Eurosystem Increasing Allocated Official Gold Reserves

by: Koos Jansen

Editor's note: Originally published on on 3 December, 2014

One of the commenters on our blog, Arend Lammertink, notified me of official gold reserves data disclosed on the websites of the Dutch central bank (DNB) and the German central bank (Bundesbank). At DNB, we can find a sheet that shows the Dutch central bank started separating its gold holdings from one category (gold, and gold receivables), to more detailed categories in May 2014.

Source: DNB

The row goudbaren means ‘gold bullion’ and niet ge-alloceerde goudrekeningen means ‘unallocated gold accounts’. The white rows represent the value, the weight is disclosed in millions of fine troy ounces; the Netherlands holds 612.5 tonnes in total, fully allocated and nothing is leased since 2008 (same as Germany).

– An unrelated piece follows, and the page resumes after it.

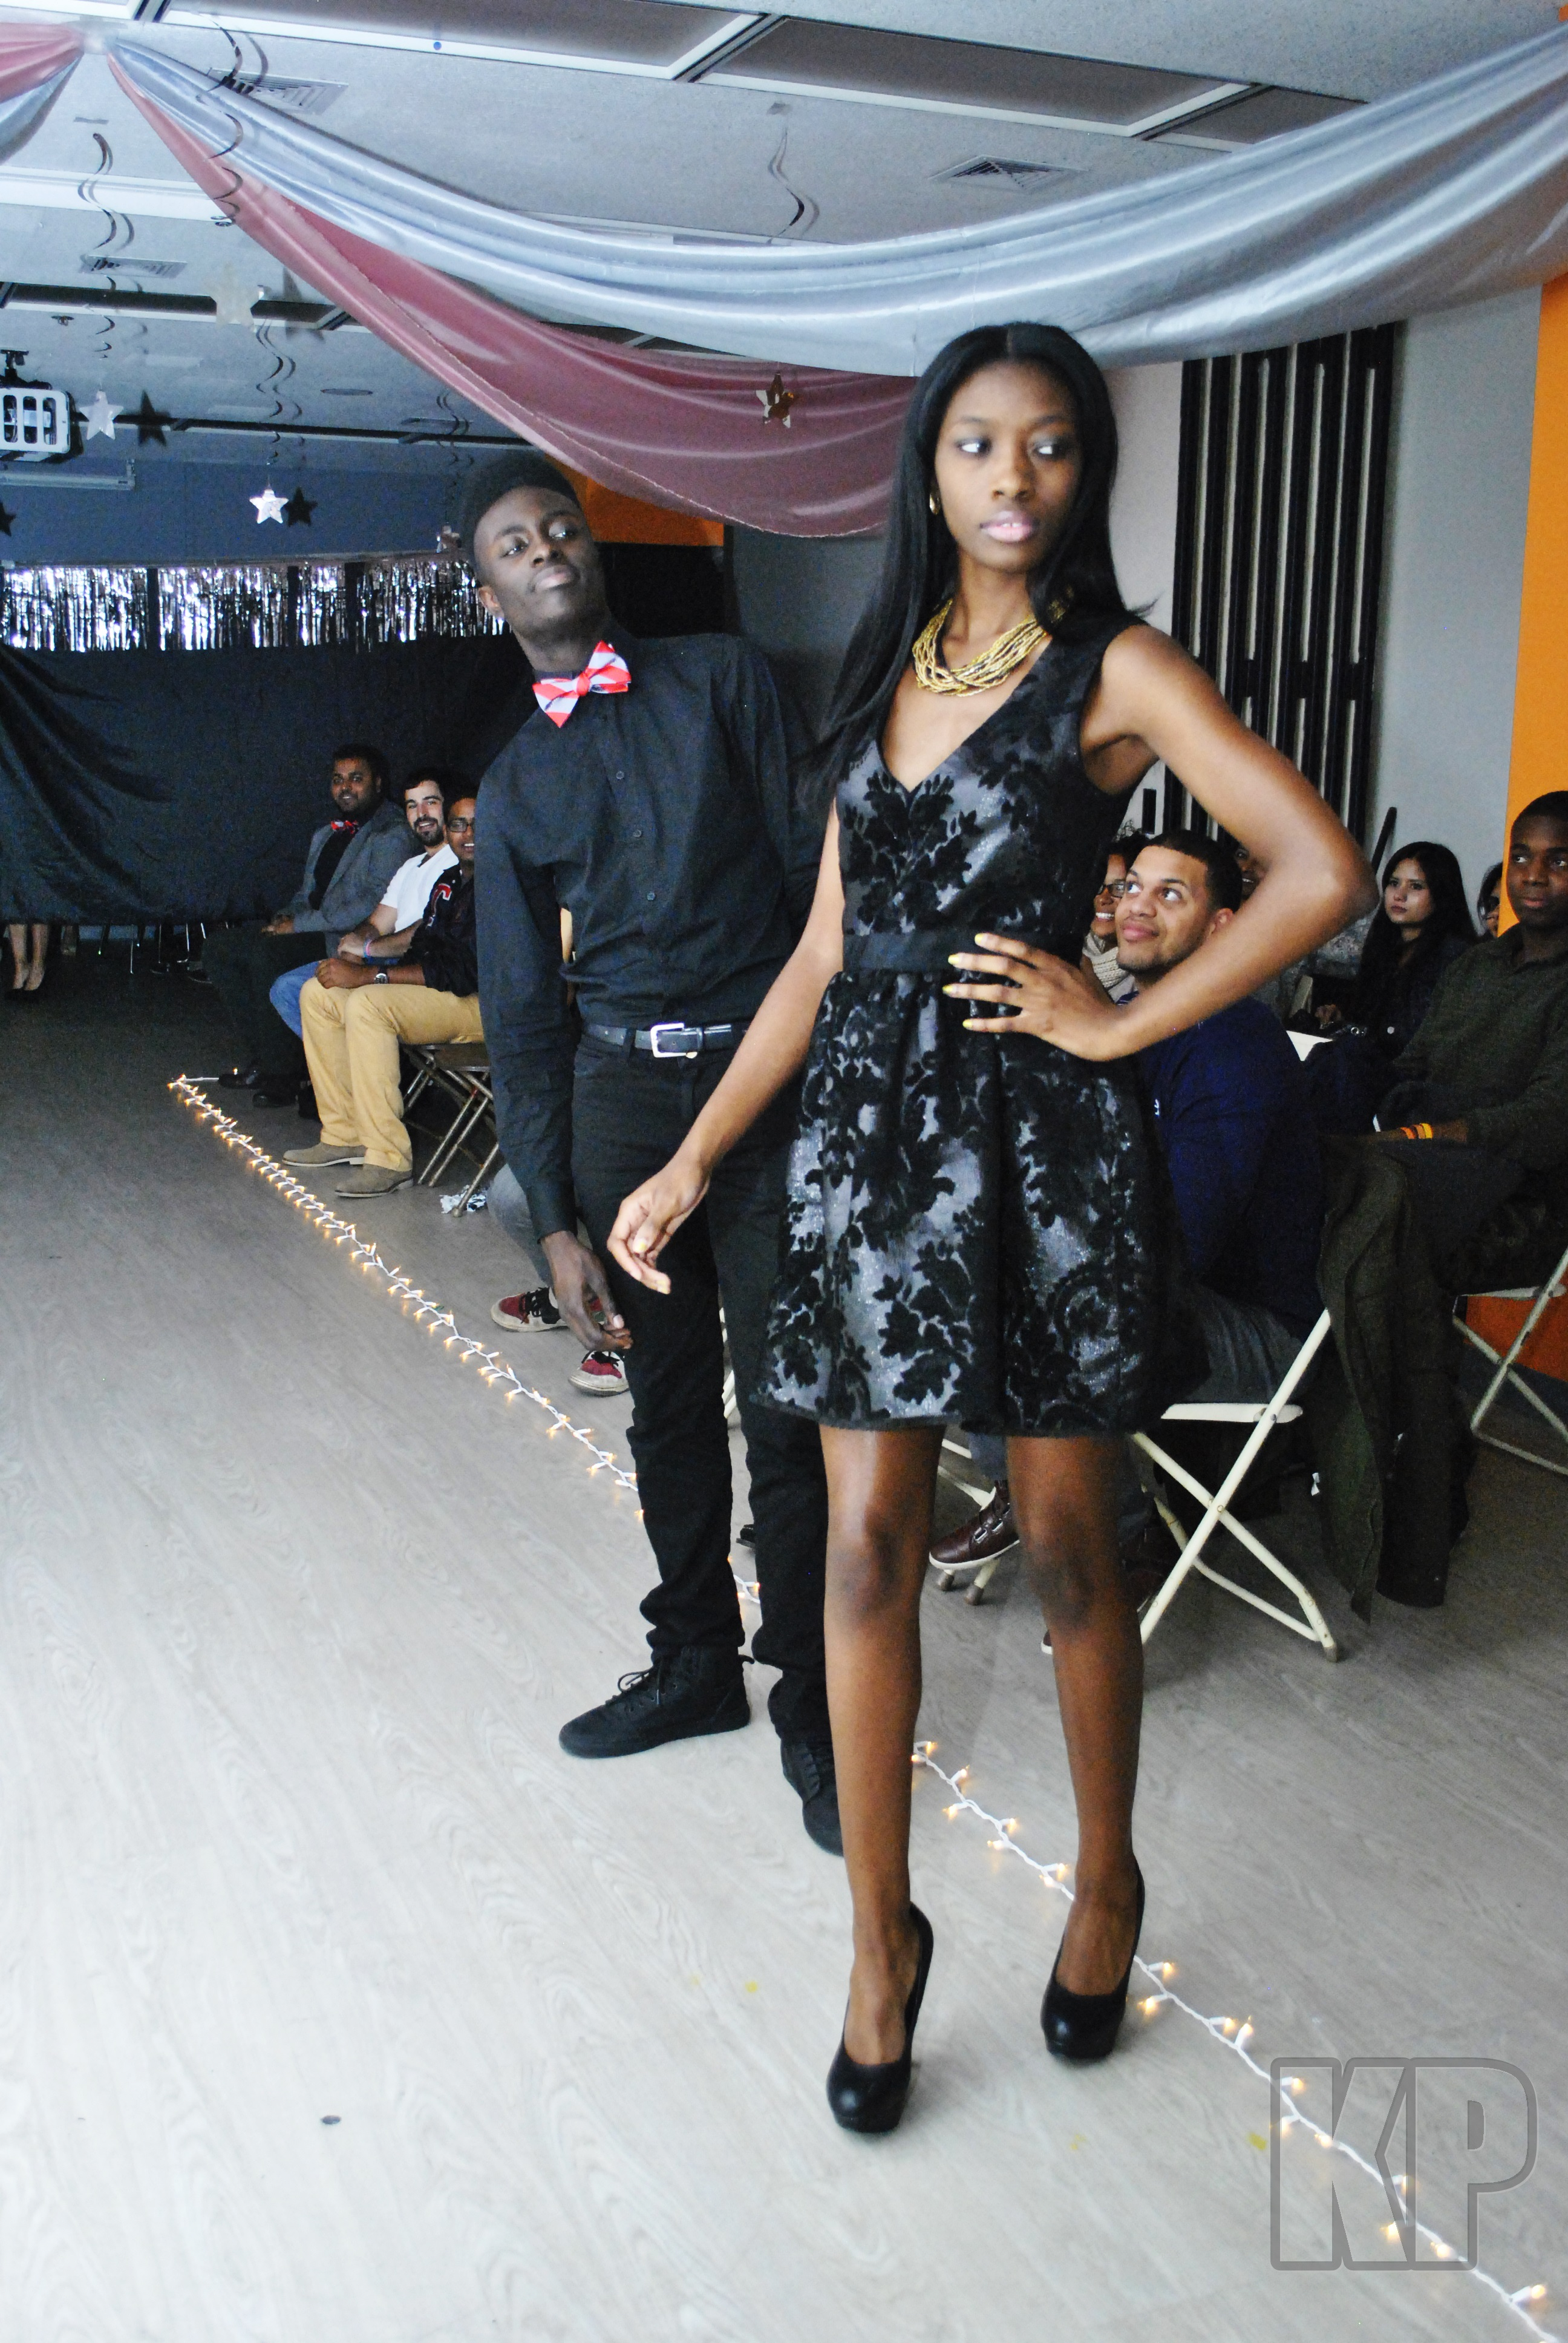 Fashion Show at CCNY!

Over at the site of the Bundesbank, the same information is published from 18 of the 28 member states of the European Union that use the euro currency (The Eurosystem). The Bundesbank (BuBa) publishes the fine troy ounces of the official gold reserves of the Eurosystem in ‘Gold bullion’ and ‘Unallocated gold accounts’. If we add up both categories the outcome for all countries equals the Official Gold Reserves disclosed by the World Gold Council. Concluding ‘Gold bullion’ is allocated (and obviously unallocated is unallocated).

From BuBa:

The application of the sixth edition of the Balance of Payments and International Investment Position Manual (BPM6) is binding for EU member states by virtue of a regulation adopted by the European Commission. Moreover, the reporting requirements of Eurosystem NCBs vis-à-vis the European Central Bank are stipulated in a guideline.

From the guideline Changes in the methodology and classifications of the balance of payments and the international investment position:

With regard to reserve assets, gold transactions and positions will in the future be subdivided into gold bullion, which includes gold bars and allocated gold accounts, and gold receivables, to which no specific gold holdings are assigned.

The unallocated gold accounts of the Eurosystem relate to gold to which no specific gold holdings are assigned.

The ECB holds 22% (109 tonnes) of its gold reserves in unallocated accounts.

The data demonstrates most of the Eurosystem official gold reserves are allocated and since January 2014 (which is as far as the more detailed data goes back) the unallocated gold reserves are declining as we can see in the next chart.

Unfortunately we do not know what happened prior to 2014.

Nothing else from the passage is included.